2004, les attentats de Madrid

Redaction Ina le 07/03/2009 à 00:00. Dernière mise à jour le 18/08/2017 à 16:06.
Histoire et conflits Justice et faits divers
Les attentats de Madrid

Alors que Barcelone et Cambrils en Catalogne viennent de subir deux attentats, retour en mars 2004. Le 11 mars, plusieurs bombes explosaient dans des gares de Madrid, en Espagne. Cet attentat multiple qui s'était déroulé à une heure de pointe avait fait près de 200 morts et 1400 blessés. Retour sur les faits.

madridattentat

Ce qui s'est passé

Le matin du 11 mars 2004. Il est 7h00, les Madrilènes se pressent pour se rendre à leur travail. Les trains de banlieue sont bondés, c'est l'heure de pointe dans les gares de la capitale espagnole. Une journée de semaine qui commence les autres… Mais entre 7h37 et 7h55, le drame se produit. A la gare d'Atocha, trois bombes explosent. A celle d'El Pozo, deux. Une autre éclate en gare de Santa Eugenia. Un train encore situé à l'extérieur d'Atocha, à la Calle Tellez, est lui aussi touché : il contient quatre bombes. Par la suite, les forces de sécurité trouveront et désarmeront trois autres bombes, qui n'ont pas explosé.

Explosions de bombes dans trois gares madrilènes

La ville sous le choc

ETA…

Ces attaques constituent l'attentat le plus meurtrier commis sur le sol espagnol. En 1987, le groupe basque terroriste ETA tue 21 civils dans un supermarché de Barcelone. A qui attribuer alors cet attentat du 11 mars (le "11-M" comme l'appelleront par la suite les Espagnols) ? Dans un premier temps, la participation de l'ETA ne fait pas de doute, surtout pour le Premier Ministre de l'époque, Aznar. Sa première réaction est en effet de désigner très rapidement l'ETA comme coupable, le groupe terroriste ayant multiplié les actions avant la date fatidique. Mais le groupe indépendantiste basque ne frappe habituellement pas à cette échelle. Et généralement, il prévient, quelques minutes avant ses attentats. Enfin, l'ETA dément toute implication à travers son biais traditionnel : le journal basque "Gara".

Pour protester contre le gouvernement Aznar accusé d'avoir manipulé l'opinon publique, les espagnols ont manifesté leur colère dans la rue et dans les urnes à l'occasion des élections législatives. 

… ou Al-Qaida ?

D'autres pistes sont alors évoquées : comme celles du réseau Al-Qaida ou d'un groupement islamiste indépendant. A la date du 15 mars, cette piste s'étoffe. Trois Marocains et deux Indiens sont déjà en garde à vue. Ils ont été trahis par le téléphone portable qui devait servir de déclencheur à une des bombes qui n'a pas explosé. De même, les autorités espagnoles ont reçu une revendication d'Al-Qaida sur cassette vidéo : la présence de l'armée espagnole en Irak serait la raison de cet attentat.

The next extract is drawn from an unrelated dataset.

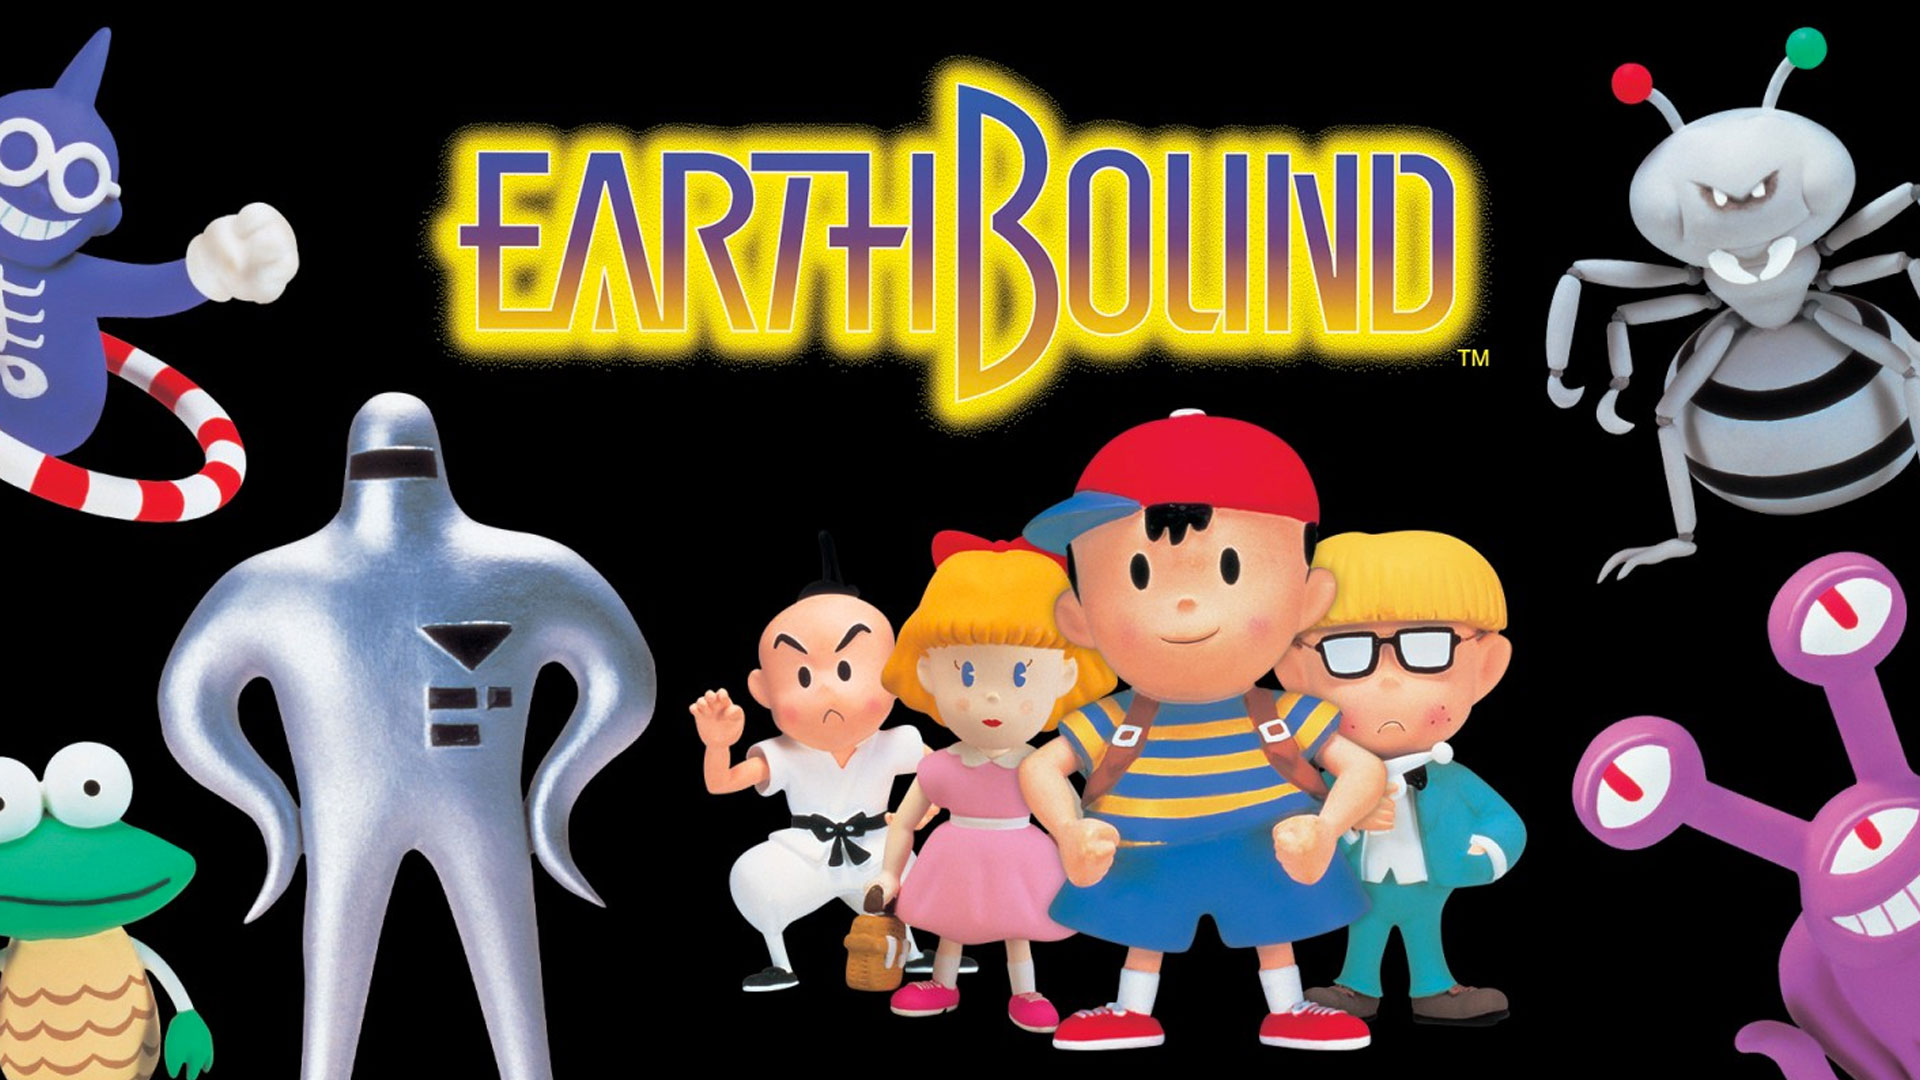 Earthbound игра. Earthbound 3. Mother Earthbound. Earthbound 4.

Avancée de l'enquête et arrestations

Déclaration d'Angel Acebes, le ministre de l'Intérieur espagnol sur l'enquête en cours

Le procès et son verdict

Du 15 février au 2 juillet 2007, se déroule à Madrid le procès des attentats du "11-M". Il aura fallu trois ans d'instruction. Auxquels s'ajoutent 5 mois de procès, donc, et 3 mois de délibération.

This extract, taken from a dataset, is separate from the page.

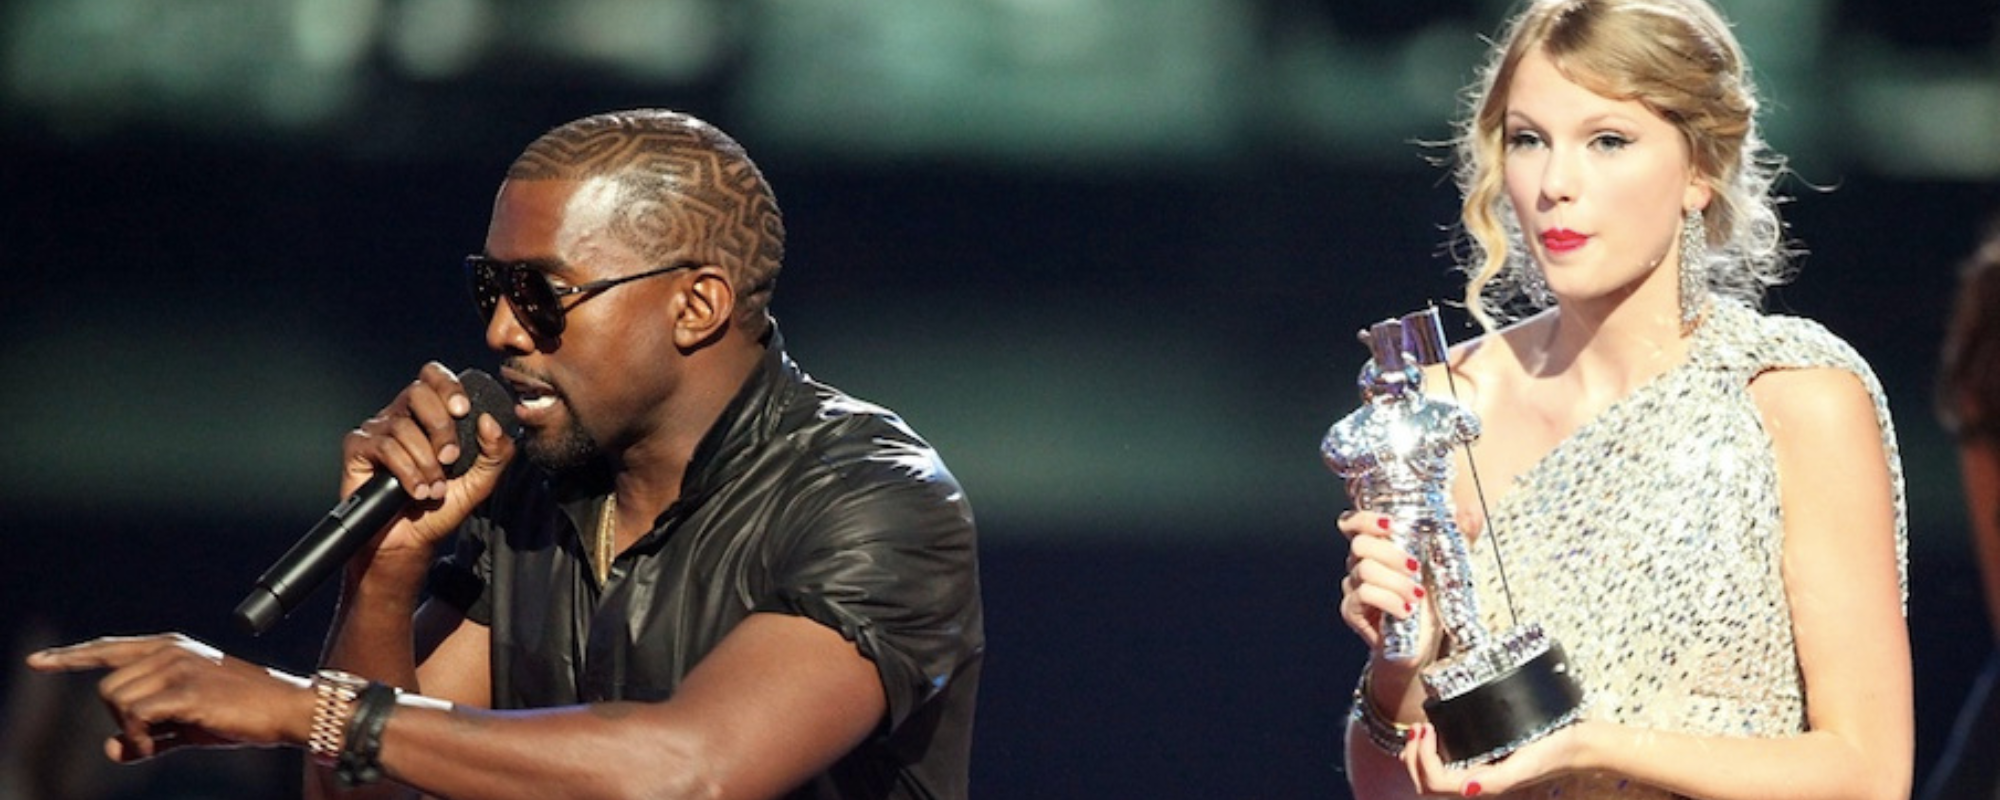 Kanye West’s Top 5 Controversial Moments

Le 31 octobre 2007, le verdict est enfin connu. "Mohamed l'Egyptien", présenté par l'accusation comme l'un des trois organisateurs de l'attaque, est acquitté. Les autres cerveaux présumés sont condamnés à 12 et 15 années d'emprisonnement. Une peine "légère" qui ne punit que leur appartenance à un groupe terroriste, dont le nom reste inconnu.

Ils ne seront pas reconnus comme organisateurs des attentats. Par contre, les Marocains Jamal Zougam et Othman El Gnaoui écopent de 42 922 et 42 924 années de prison chacun.

Ils sont considérés comme les membres du commando ayant posé les sacs bourrés d'explosifs. Sur 28 accusés, 7 seront acquittés. L'inexistence judiciaire d'un quelconque auteur intellectuel soulevant la tristesse et la colère des familles des victimes.